Ella no pudo contener una frase mordaz.

—No es culpa del Guardián que aún no hayas aprendido a usar las manos para algo útil.

Sin aguardar respuesta, corrió a su habitación. Se sentía culpable por haber dicho algo tan brutal. Pero aunque en una discusión él se empeñara en negar, excusarse y defenderse, Edhadeya sabía que reconocería la verdad íntimamente. Mon sabía quién tenía razón.

Con su maravilloso talento para distinguir entre la verdad y la falsedad, ¿por qué no comprendía que su anhelo de ser otra cosa era un error lamentable que le consumía la vida y le envenenaba el corazón?

¿O el ansia de ser un ángel era algo que le inspiraba el Guardián?

Edhadeya se tendió en su estera y, como de costumbre, apartó los tres cojines que le ponían por orden de Dudagu, «porque una dama no debe dormir en una estera dura, como un soldado». Edhadeya ni se molestaba en enfadarse con Uss-Uss por no quitar los cojines. Si la esposa del rey daba una orden, ningún sirviente se atrevía a desobedecer, y habría sido cruel reprender a Uss-Uss por hacer lo que debía para sobrevivir.

No, no Uss-Uss. Voozhum.

¿Eso formaba parte del plan del Guardián? ¿Liberar a los cavadores de la esclavitud? Las palabras habían acudido fácilmente a los labios de Edhadeya cuando discutía con Mon. Pero ahora tenía que planteárselo como una posibilidad real. ¿Qué planeaba el Guardián? ¿Y cuántas turbulencias habría hasta que sus planes se concretaran?

Akmaro echó un vistazo a los campos de patatas que crecían entre las hileras de maizales ya cosechados. Al final de la estación, era momento de desenterrarlas y apartar las comestibles de las que servirían de semilla. ¡Quién hubiese creído que el maíz y las patatas plantadas en la esclavitud se cosecharían en aquellas circunstancias!
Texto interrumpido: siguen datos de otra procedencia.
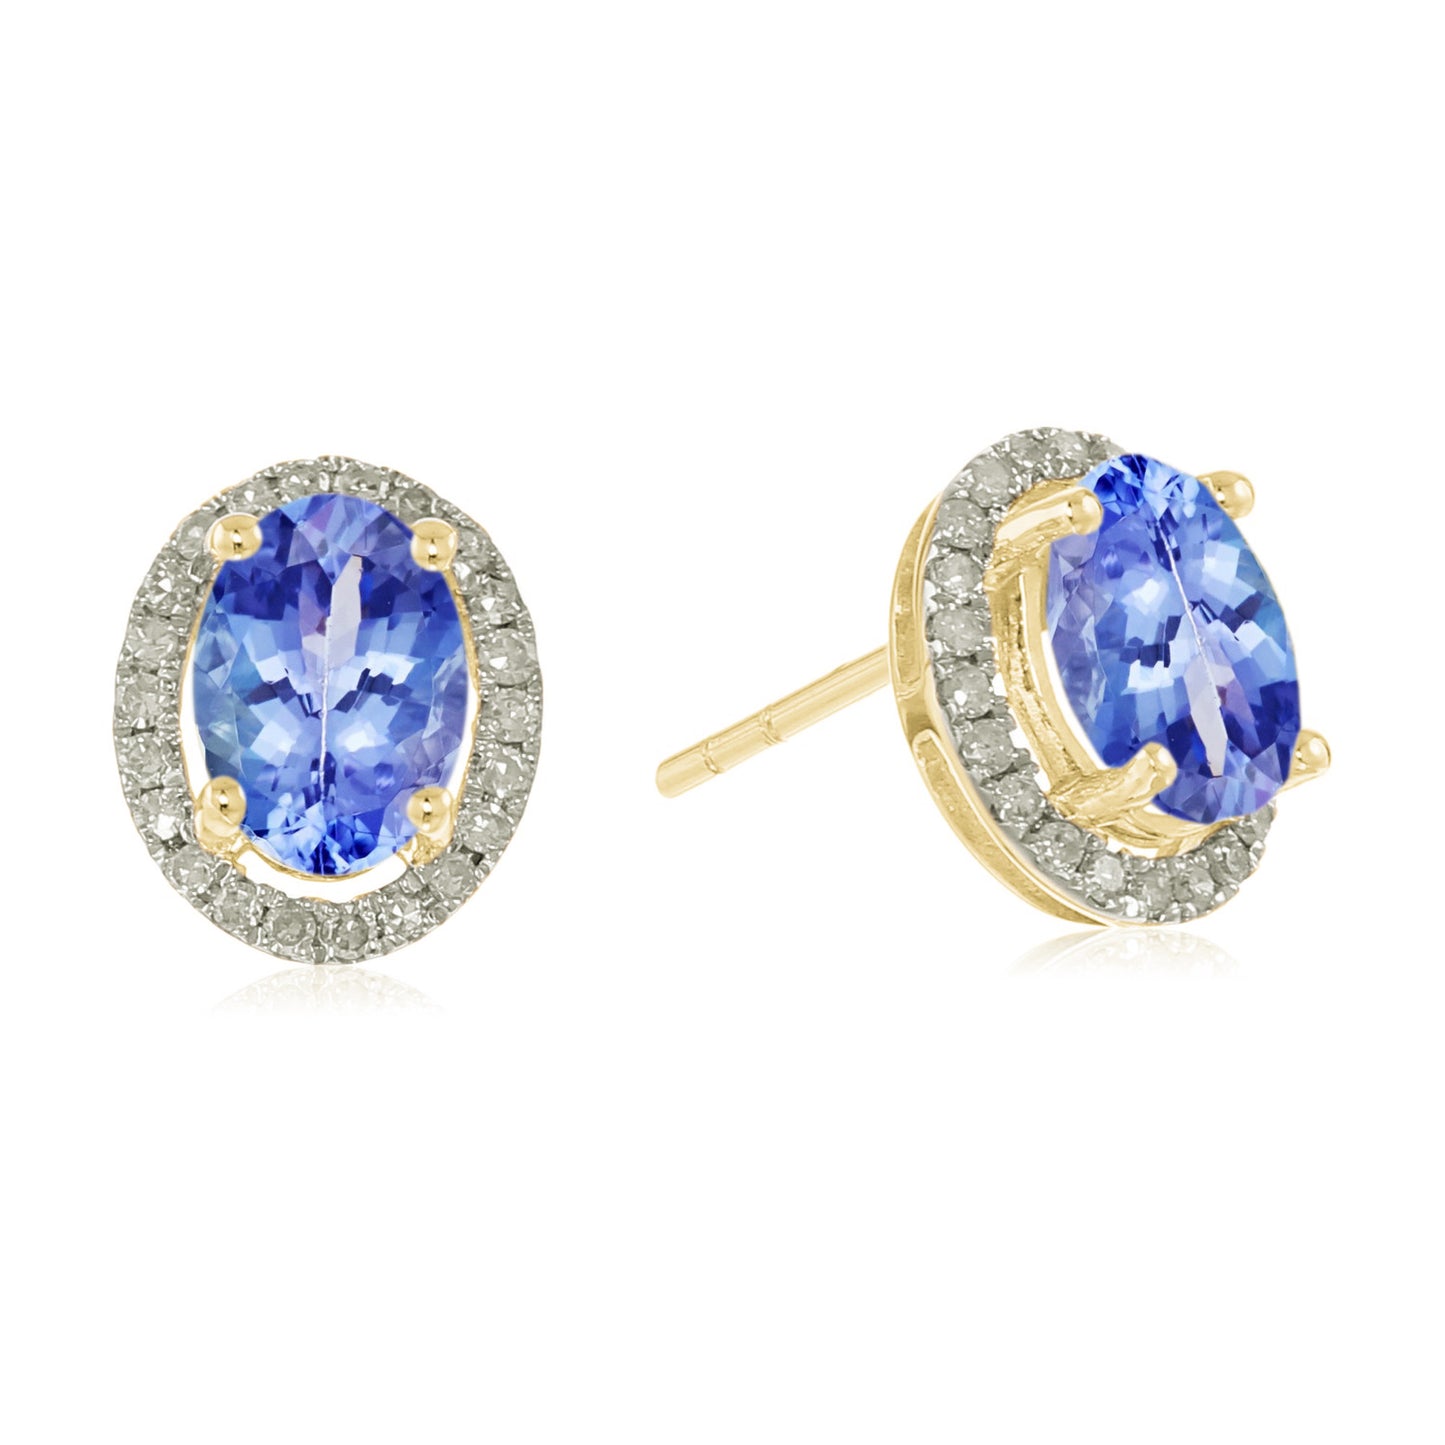 10k Yellow and Rose Gold Genuine Gemstone And Diamond Princess Diana Oval Halo Stud Earring - Pinctore

No era la libertad, pero tampoco imperaba el miedo. Los guardias se mantenían a distancia, y nadie los fastidiaba, ni los adultos ni los niños. Trabajaban duramente, y el tributo para Pabulog era cuantioso, pero lo cierto era que tenían comida de sobra, más de la que necesitaban.

Es el regalo que nos ha enviado el Guardián por no encerrarnos en el odio y el miedo. El coraje y la sabiduría de mi esposa convirtieron en amigos a nuestros peores enemigos, los hijos de Pabulog. Ellos no se rebelarán contra su padre, desde luego. Son demasiado pequeños, y Pabulog es demasiado cruel e imprevisible. Pero nos han dado paz. Y hasta Pabulog verá que es mejor que los seguidores de Akmaro sean siervos productivos y no esclavos amargados, rencorosos y atormentados.

La única mancha en la escena que se pintaba Akmaro era su hijo Akma. Akmadis, Kmadadis, bienamado de mi corazón, mis esperanzas están en ti tal como las esperanzas de tu madre están en su dulce hija. ¿Por qué has llegado a odiarme tanto? Eres inteligente y sabio de corazón, Akma, puedes ver que es mejor perdonar y hacer amigos de los enemigos. ¿Cuál es la causa de este resentimiento que tanto te enceguece? Te hablo y no oyes nada. Peor aún, actúas como si mi voz fuera el grito de guerra de un enemigo.

Chebeya lo había consolado, asegurándole que, aunque había hostilidad, los vínculos entre padre e hijo eran más fuertes que nunca.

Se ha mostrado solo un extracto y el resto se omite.